First of all: I have since updated to 20.1, it hasn't made any difference.

Quote from: mimugmail on February 04, 2020, 01:47:11 PM
Can you verify if the traffic really leaves WAN? The log with accepted packets just indicates it tries to push these packets via the correct rule, no matter if gw group is down or not.
I don't see how there is any other way than for this to be the case?
Like I said: if I visit wtfismyip.com and similar sites in that state, they all show my ISP data.

Quote from: mimugmail on February 04, 2020, 01:47:11 PM
Second test would be to add a rules to Wireguard gateway explicit, not the whole group, and try to reproduce.
Unfortunately this makes no difference, the exact same behaviour remains.

What is different about a Wireguard gateway from an OpenVPN gateway?
I mean, shouldn't the whole gateway logic be protocol agnostic?
If a gateway monitor says the gateway is down, then that's all that should matter -> don't pass traffic, evaluate next rule, done.
Yet there is a clear difference between how the 2 protocols' gateways behave.

Assuming I'm not missing anything, I would argue this is a bug and/or design flaw.

No, WireGuard handles Gateway code different, there May be situations where it doesnt work as a general limitation. Thats why I asked to test without a group, just the gateway

If the gateways behave that differently, then that should at least be made very clear to the end-user.

Again, to summarize: the bug here is that, even though the gateway is marked down, used in a group or solo, the firewall still matches the routing rule for it, pushing traffic to it (so subsequent killswitch rules don't even have a chance), on top of which traffic somehow goes out over WAN instead of the Wireguard interface, unbeknownst to the user.

I get the implementation details might be different, but functionally it should exhibit the same behaviour. So classifying this as a "limitation" is being very mild. This is a bug/design flaw.
I mean let's be real, why do people use VPNs like this? To route traffic through they'd rather not have their ISP see. If you can't even trust the firewall to kill traffic when the gateway goes down, in any way, then what's the point?

Long story short: I'd argue Wireguard is currently unsuited to replace OpenVPN in this setup.
If you think I'm wrong in drawing that conclusion, then please tell me why, because I want to be (wrong, that is)!

I don't think you are wrong, why do you think there's a big banner in WireGuard -> General that this software is still beta?

EDIT:

I've created a new topic to follow up on this.
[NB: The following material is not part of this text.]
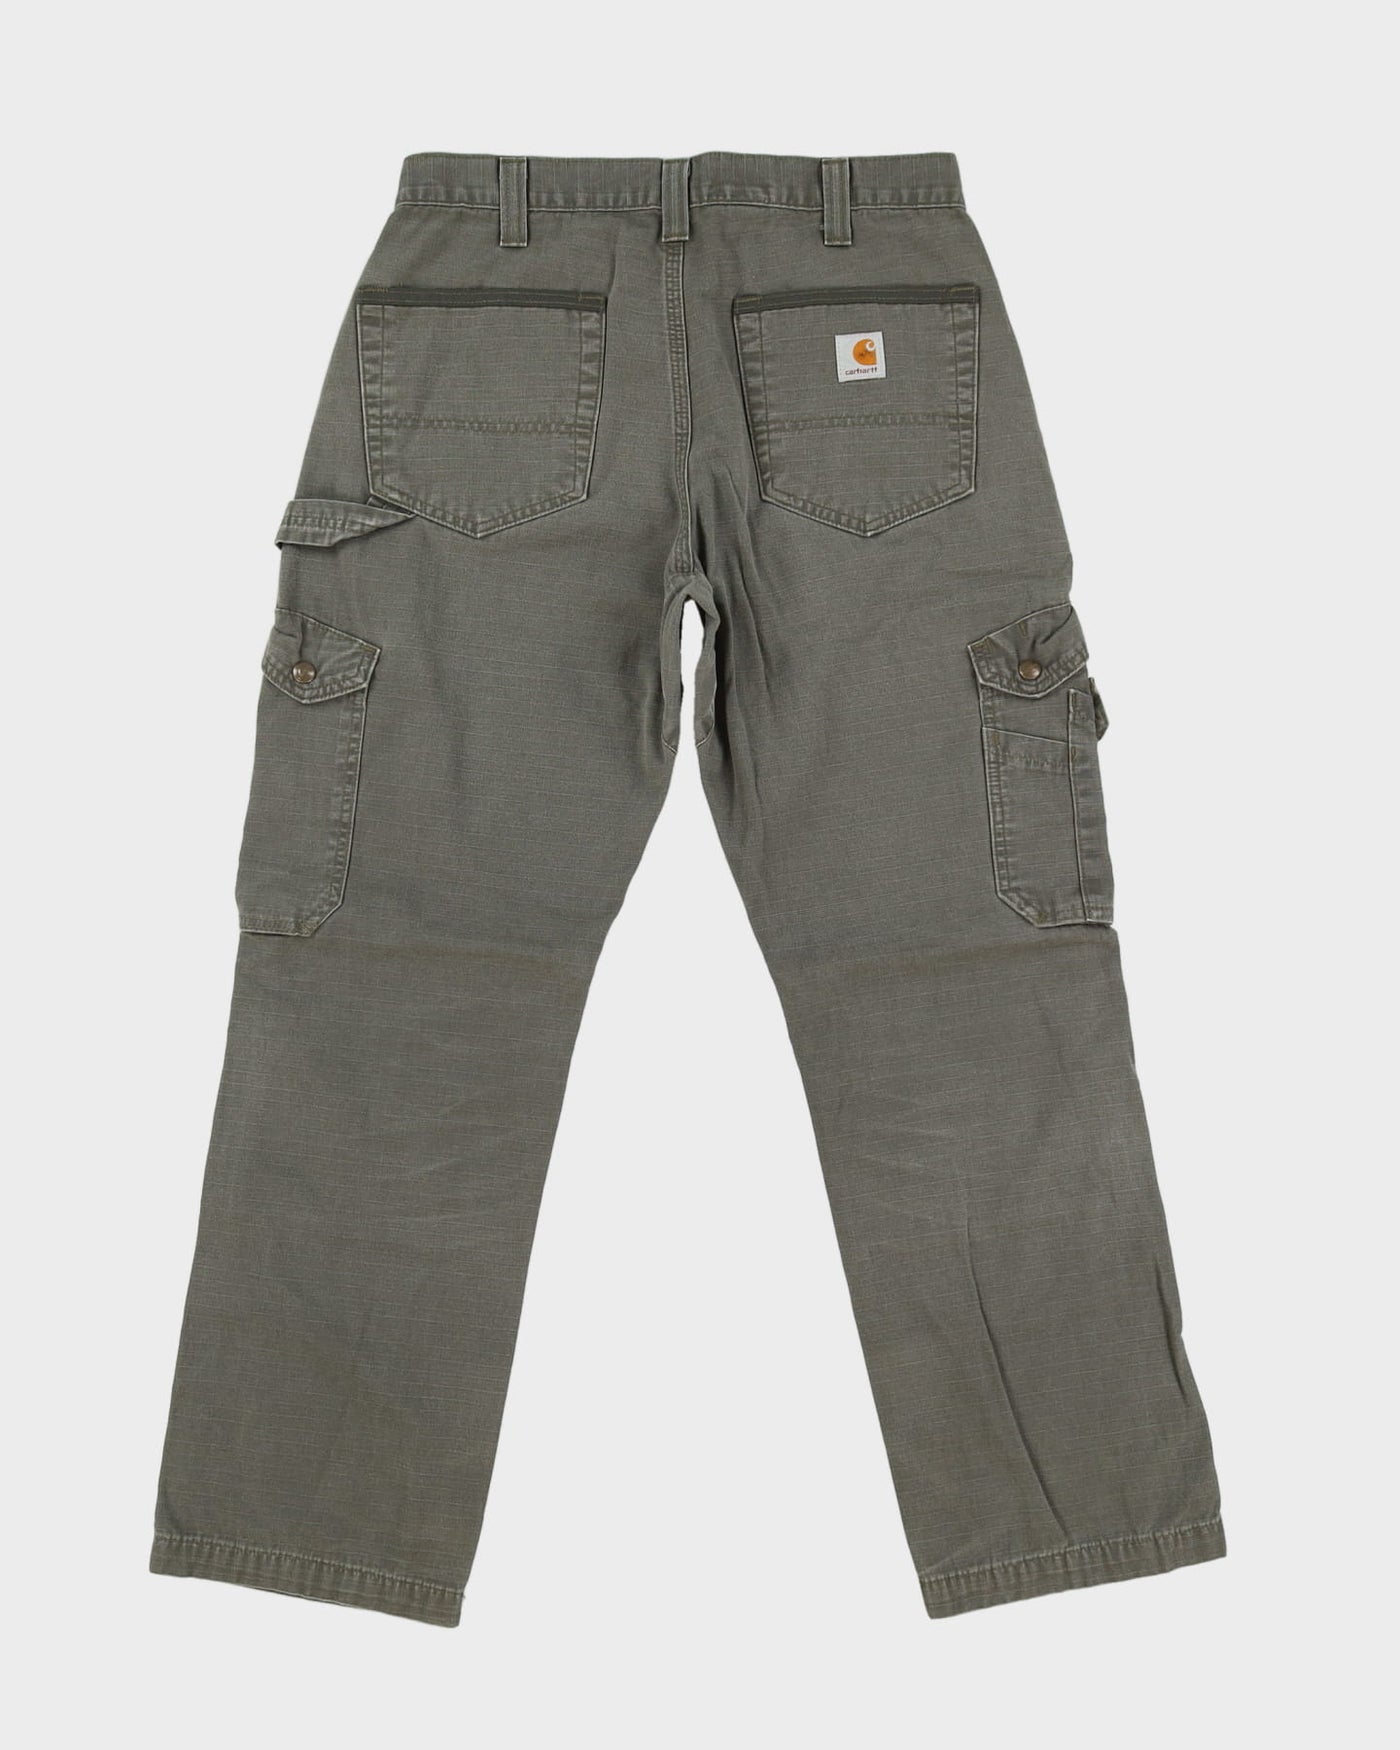 Vintage 90s Carhartt Green Double Knee Workwear Trousers / Jeans - W31 L29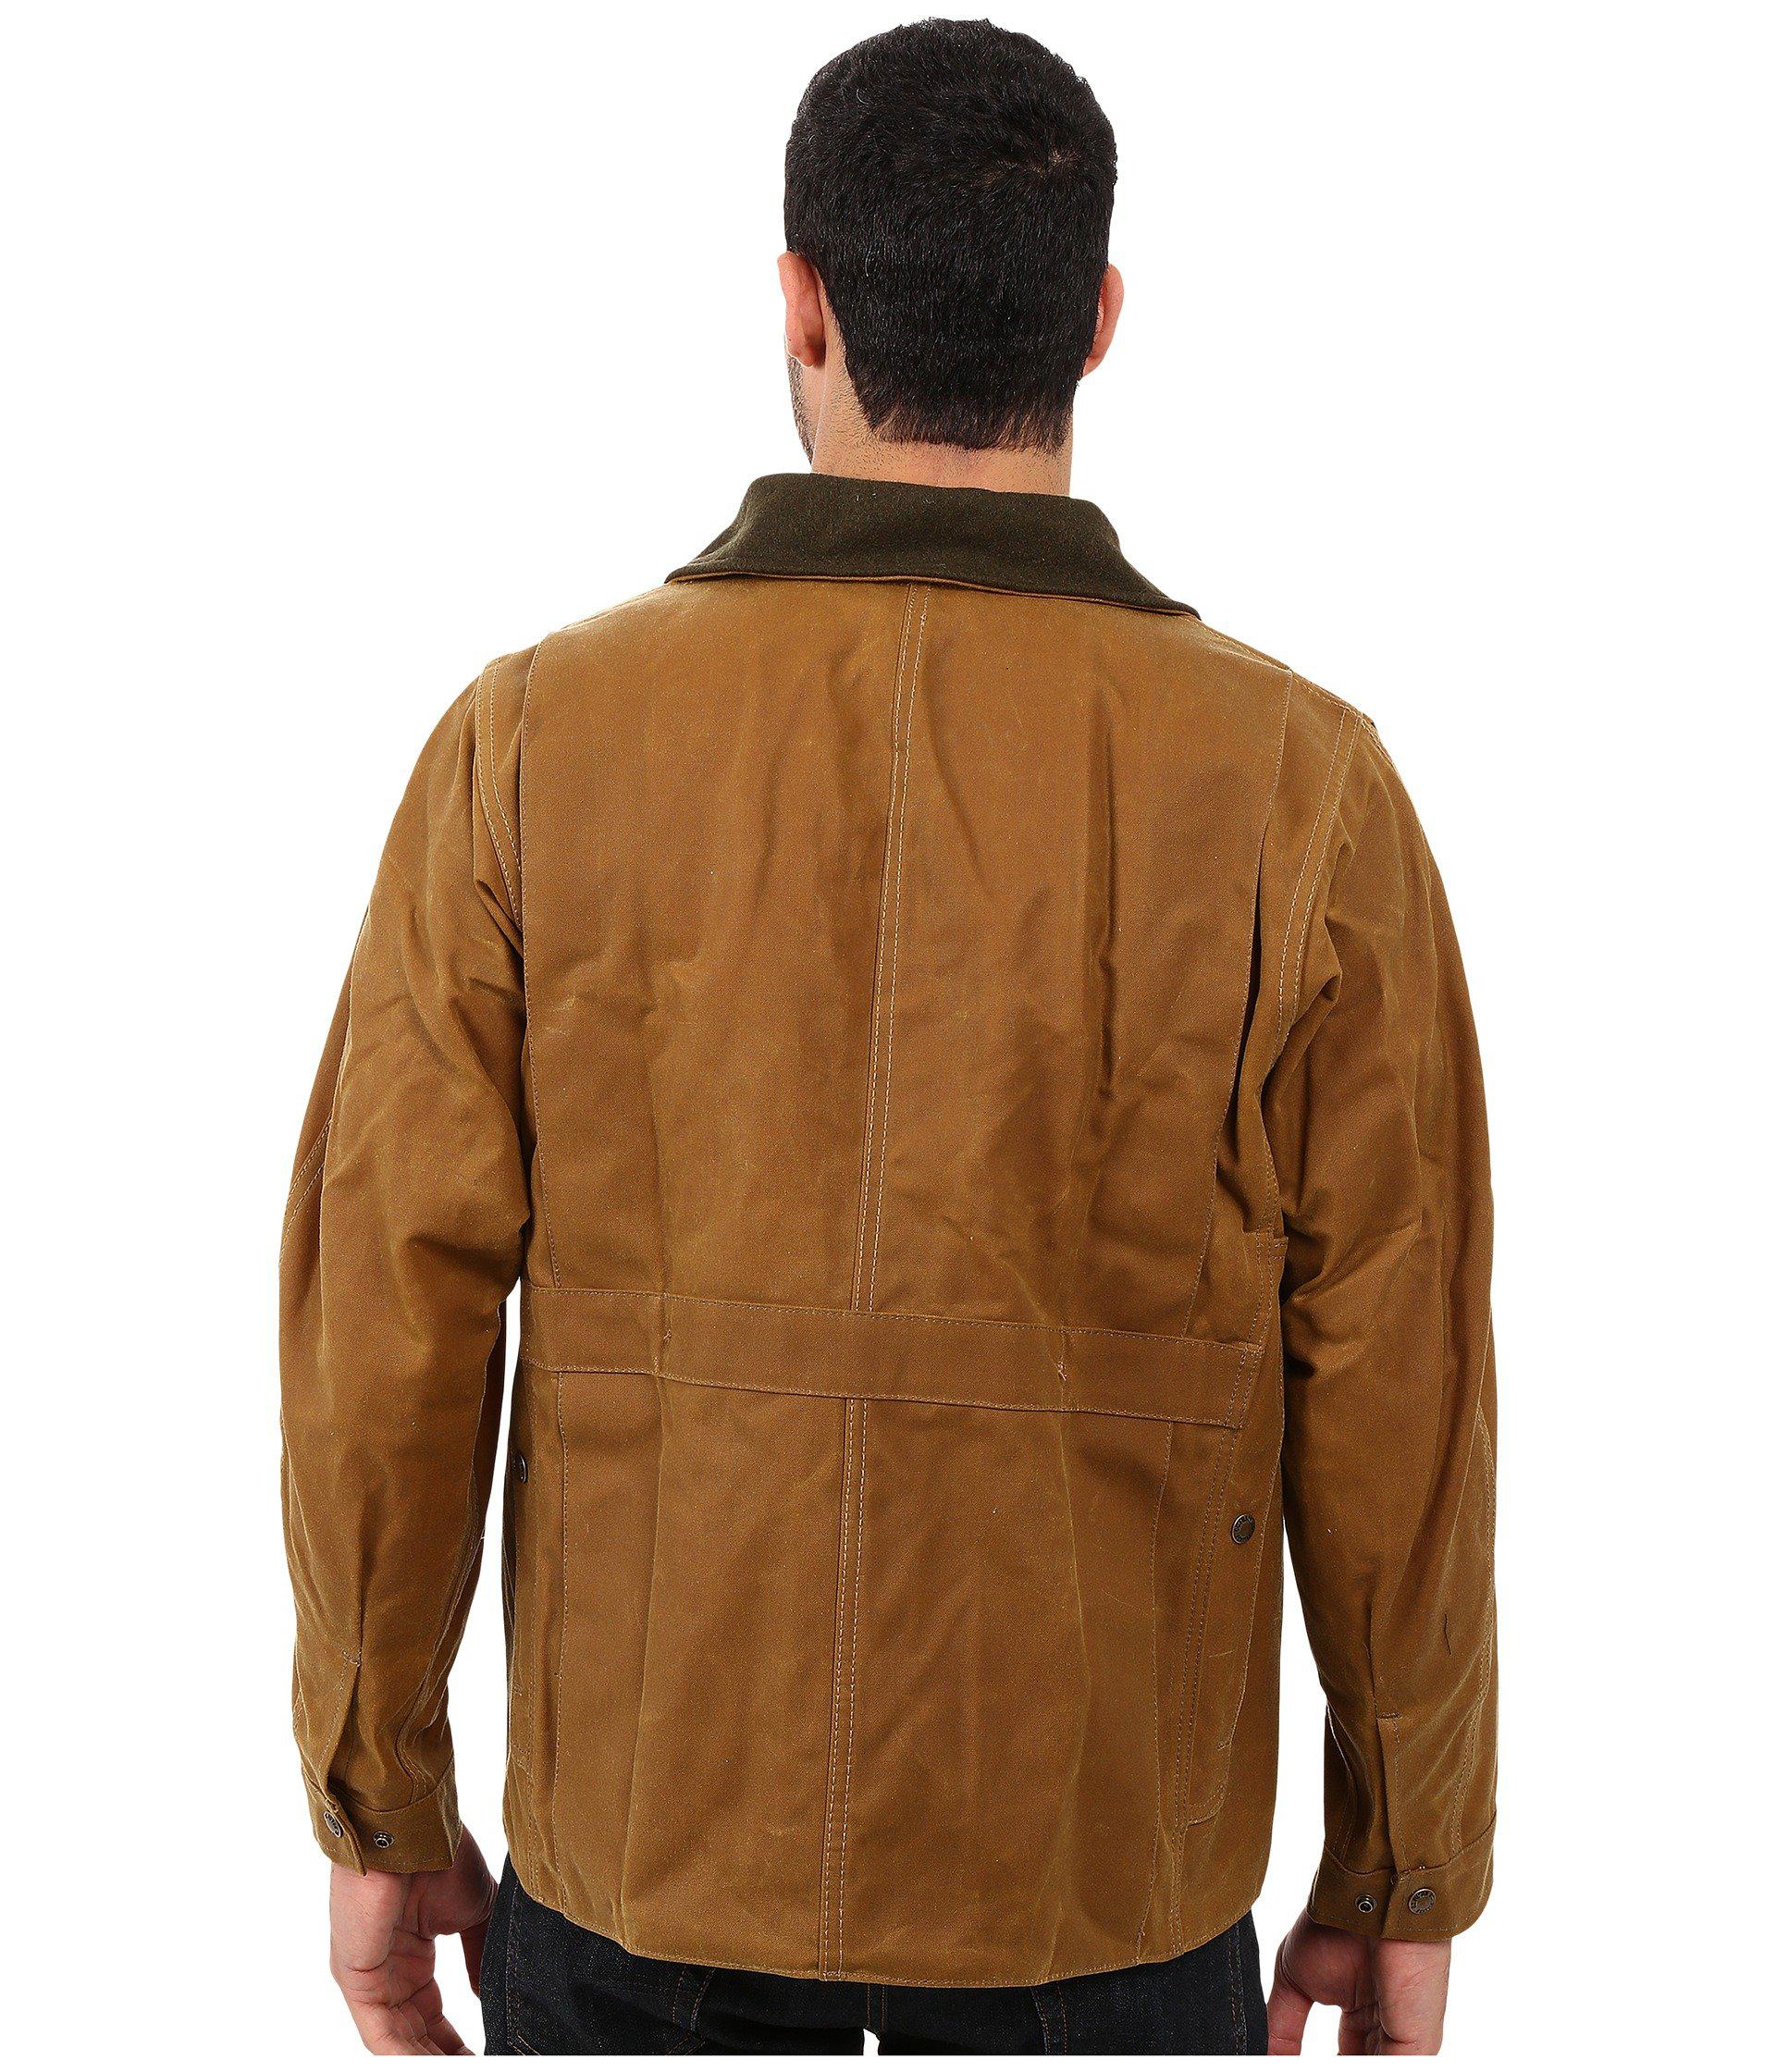 Filson Wool Tin Cloth Field Coat in Tan (Brown) for Men - Lyst

TLDR: Wireguard just does not run well enough yet on OPNSense.
Between the issue I've described here and the kernel panics it seems to introduce as described here, I've decided to look for another solution:
I still want to use Wireguard, but I don't want it to mess with OPNSense functionality and break all my networking whenever it decides to act up.
-> abstract Wireguard stuff from OPNSense.